Sleep. 2025 Nov 25:zsaf371. doi: 10.1093/sleep/zsaf371. Online ahead of print.
ABSTRACT
STUDY OBJECTIVES: Polysomnography (PSG) provides a comprehensive assessment of brain, cardiac, and respiratory activity during sleep. While it is widely used for diagnosing sleep disorders, its potential to assess future health risks has not been fully explored. This study aimed to develop and evaluate an interpretable framework to identify physiological patterns in PSG data linked to cardiovascular disease (CVD) outcomes, without relying on manual annotations (e.g., sleep stages).

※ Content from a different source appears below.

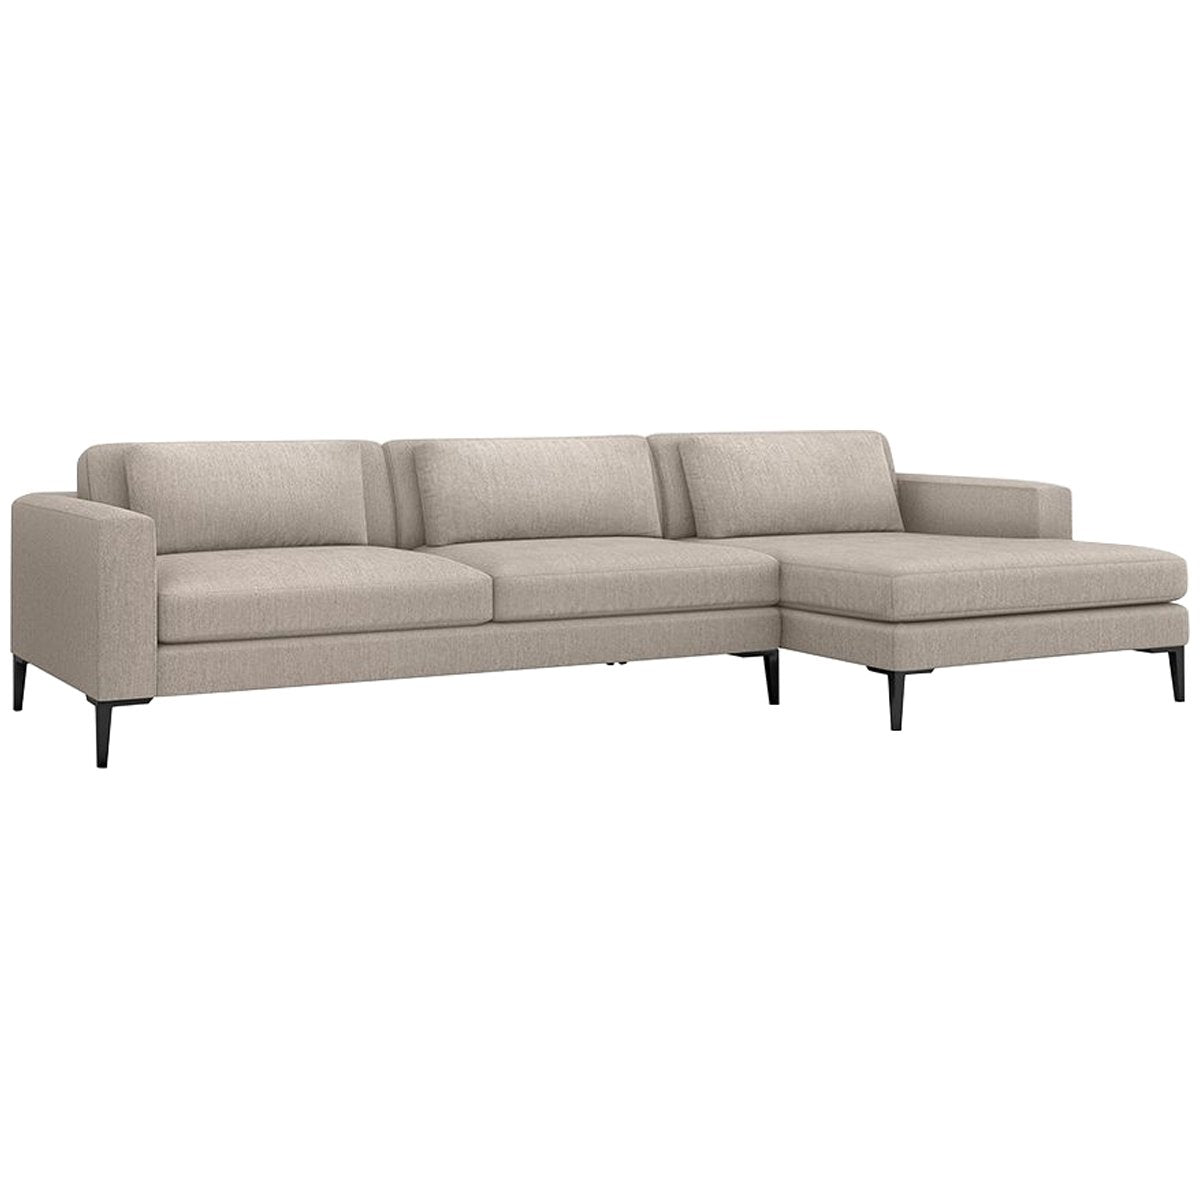 Interlude Home Izzy Luxe Chenille Chaise 2-Piece Sectional
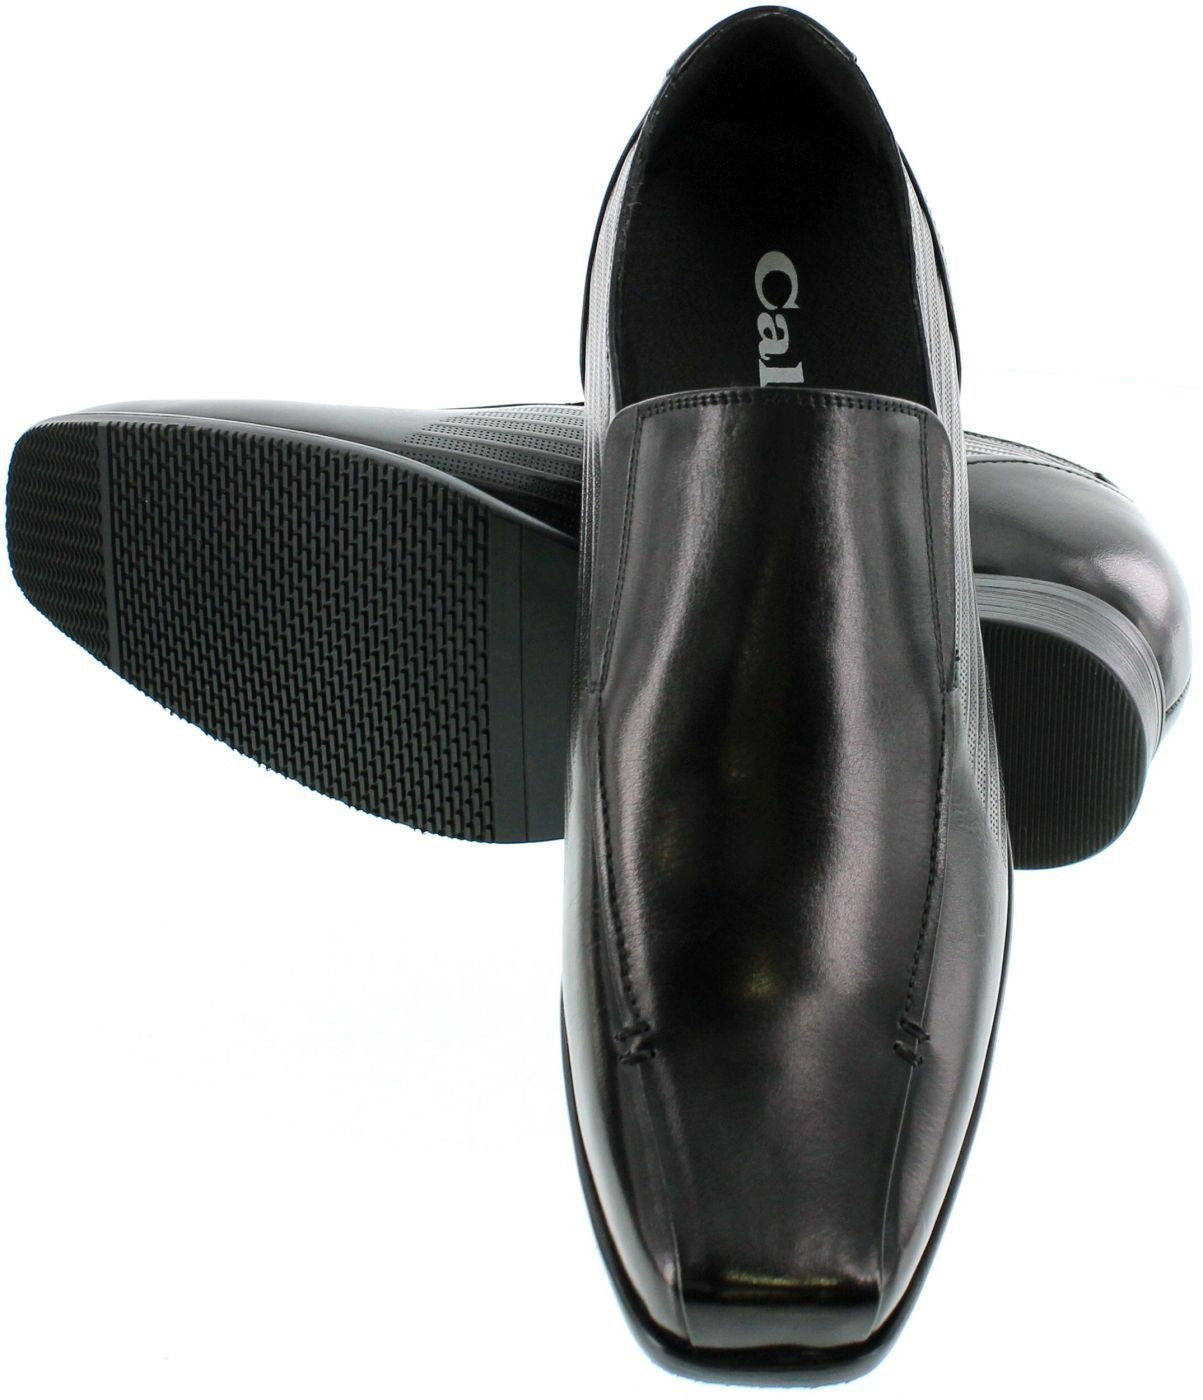 Elevator shoes height increase CALTO - Y3026 - 3 Inches Taller (Black)

METHODS: We developed a self-supervised deep learning model that extracts meaningful patterns from multi-modal signals (Electroencephalography (EEG), Electrocardiography (ECG), and respiratory signals). The model was trained on data from 4,398 participants. Projection scores were derived by contrasting embeddings from individuals with and without CVD outcomes. External validation was conducted in an independent cohort with 1,093 participants. The source code is available on https://github.com/miraclehetech/sleep-ssl.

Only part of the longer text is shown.